The useful situation of a regression test is not to tell you that a test passed but that it failed. The idea of a regression test isn't just to tell you that something regressed but to tell you what and I don't just mean which exe and input file. To do this you would need all the info available to you, i.e. the logs - whatever it is that you would initially see from subsequent dev tests, otherwise, how do you know that you have reproduced the same situation? In the worse case scenario, it may not even be so easily reproduced and the actual output from the initial regressed test may be the only info we have to work with.
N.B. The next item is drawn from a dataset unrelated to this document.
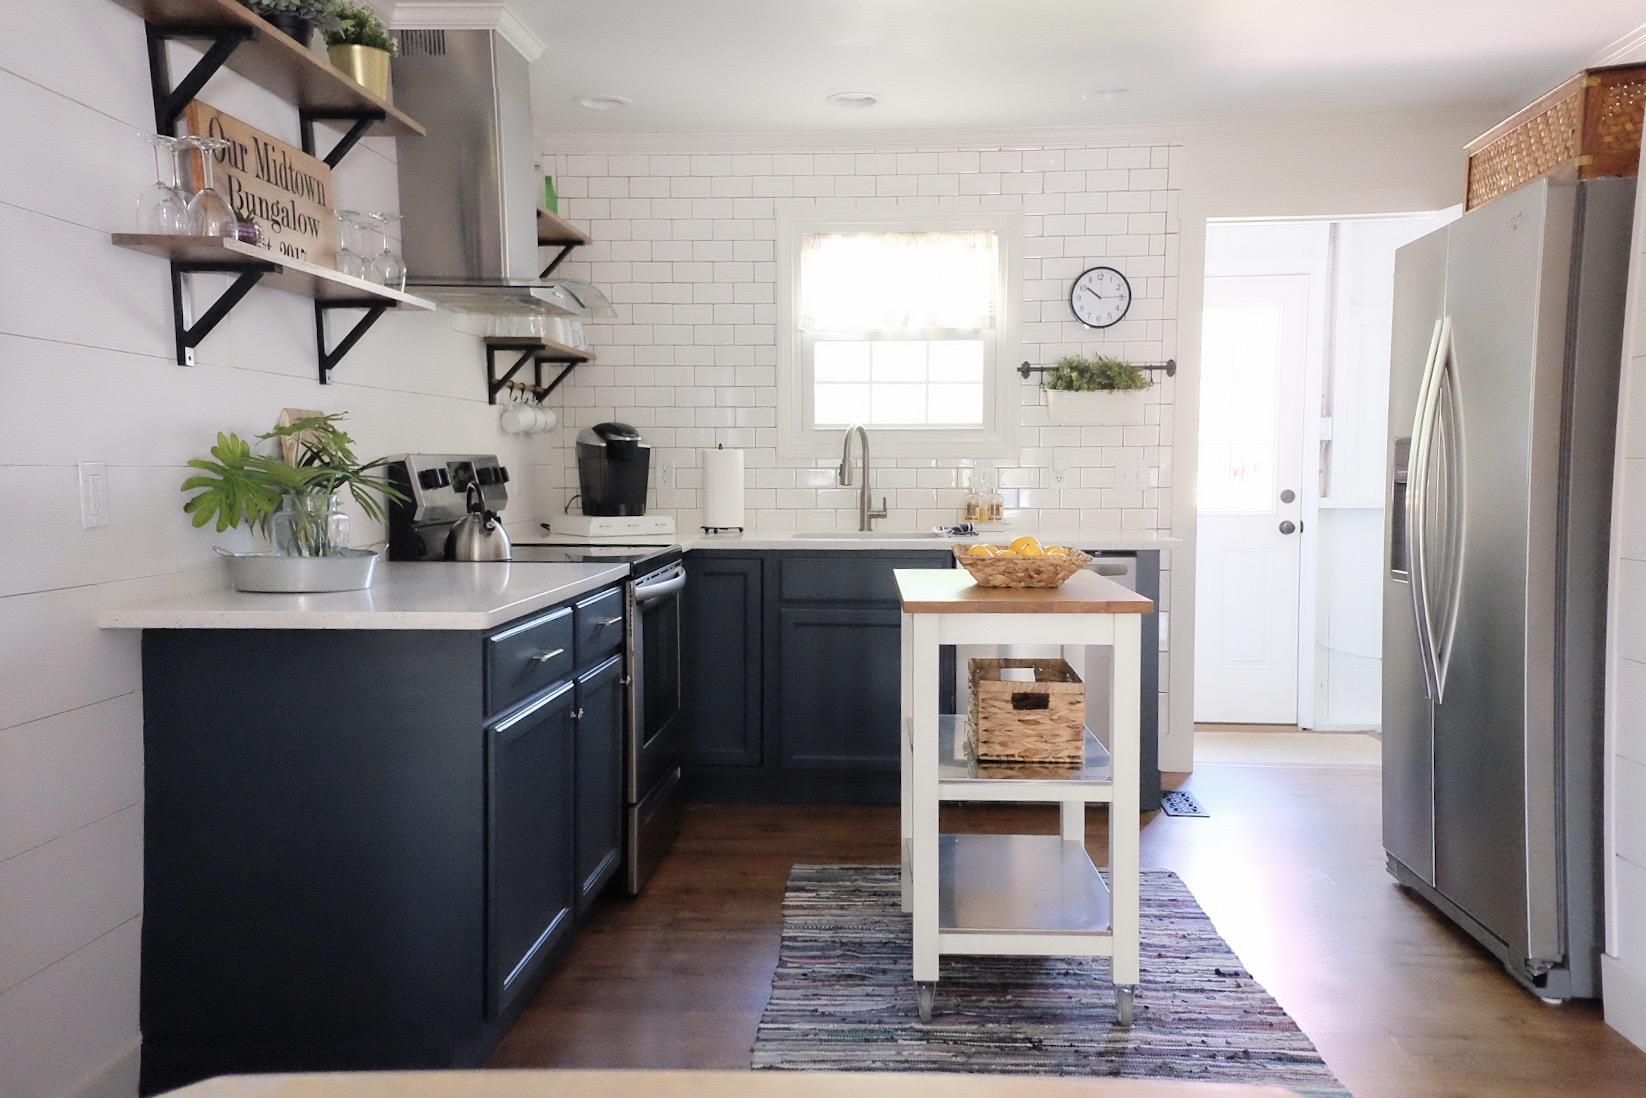 Painting Cabinets - Cottagestyleblog.com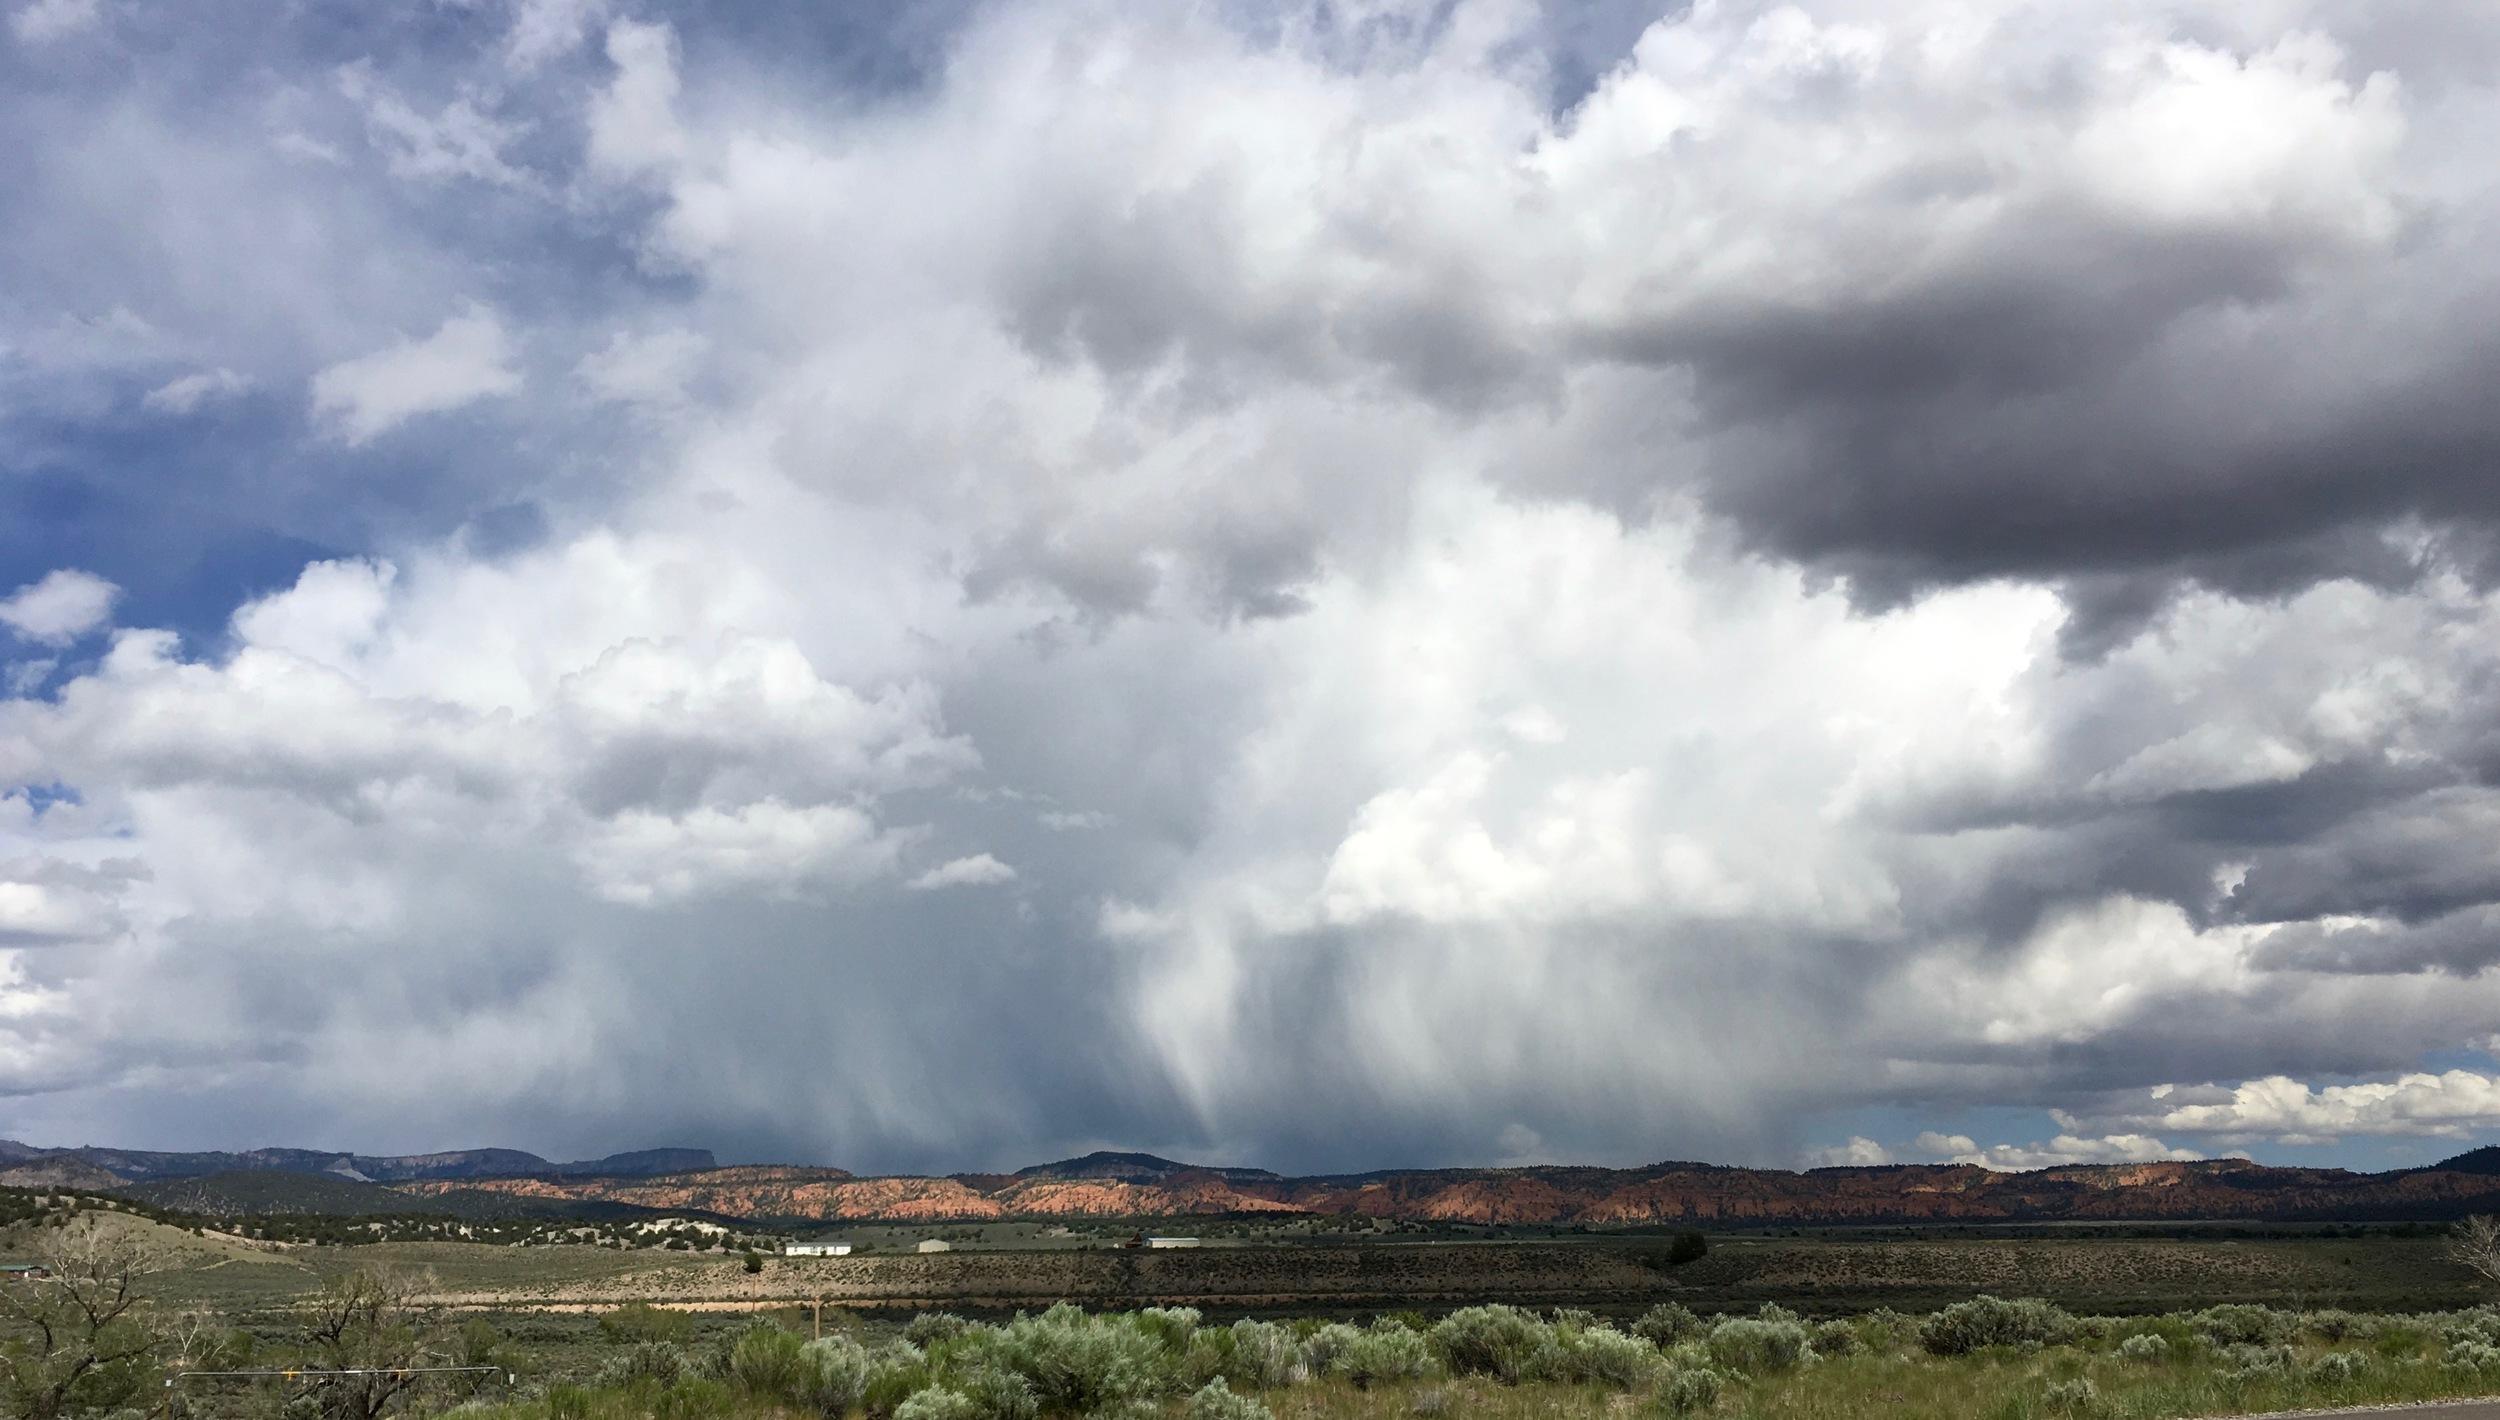 Rain clouds near Panguitch, Utah, as I biked toward Red Canyon State Park.

jamienoss commented 7 years ago

@pllim Your recent comment

It's not difficult to capture screen output onto pandokia log either.

seems to contradict an earlier one of yours (here)

You need special pandokia incantations to capture screen output. I didn't bother to do that

pllim commented 7 years ago

I don't think keeping old trailer log is necessary but you do. So I'm trying to compromise here. Anyway, I can't do anything until next week.

mcara commented 7 years ago

The useful situation of a regression test is not to tell you that a test passed but that it failed. The idea of a regression test isn't just to tell you that something regressed but to tell you what and I don't just mean which exe and input file.

Are you just saying this in general or specifically referring to the acs_destripe_plus test? I fail to see what this has to do with acs_destripe_plus. Specifically,

This test stared failing on May 10th, 2017 (see https://github.com/spacetelescope/acstools/issues/32#issuecomment-317091316) as it should. It wasn't passing when it should have failed.
"The idea of a regression test isn't just to tell you that something regressed but to tell you what and I don't just mean which exe and input file." What do you exactly mean here a test should tell us? For example, in connection with acs_destripe_plus..., the test failed and the log pointed to the line that was trying to remove a file (which did not exist). With a bit of detective work we found the reason. Were you expecting the test to point to the commit that broke the code/test?
In connection to the previous point, how does keeping all previous trailer files help with the point you are making (about usefulness of regression tests)? I fail to see the need to keep all previous trailer files, specifically:
- acs_destripe_plus is not designed to test calacs (other tests should test calacs): calacs is simply a step in acs_destripe_plus.
- What does yesterday's trailer file provides in addition to what today's file provides? Take a look at jc8o04gh2.tra and scroll back from the end of the file. Did anything (besides dates) change since the test started failing? Does it tell you anything useful about current failure?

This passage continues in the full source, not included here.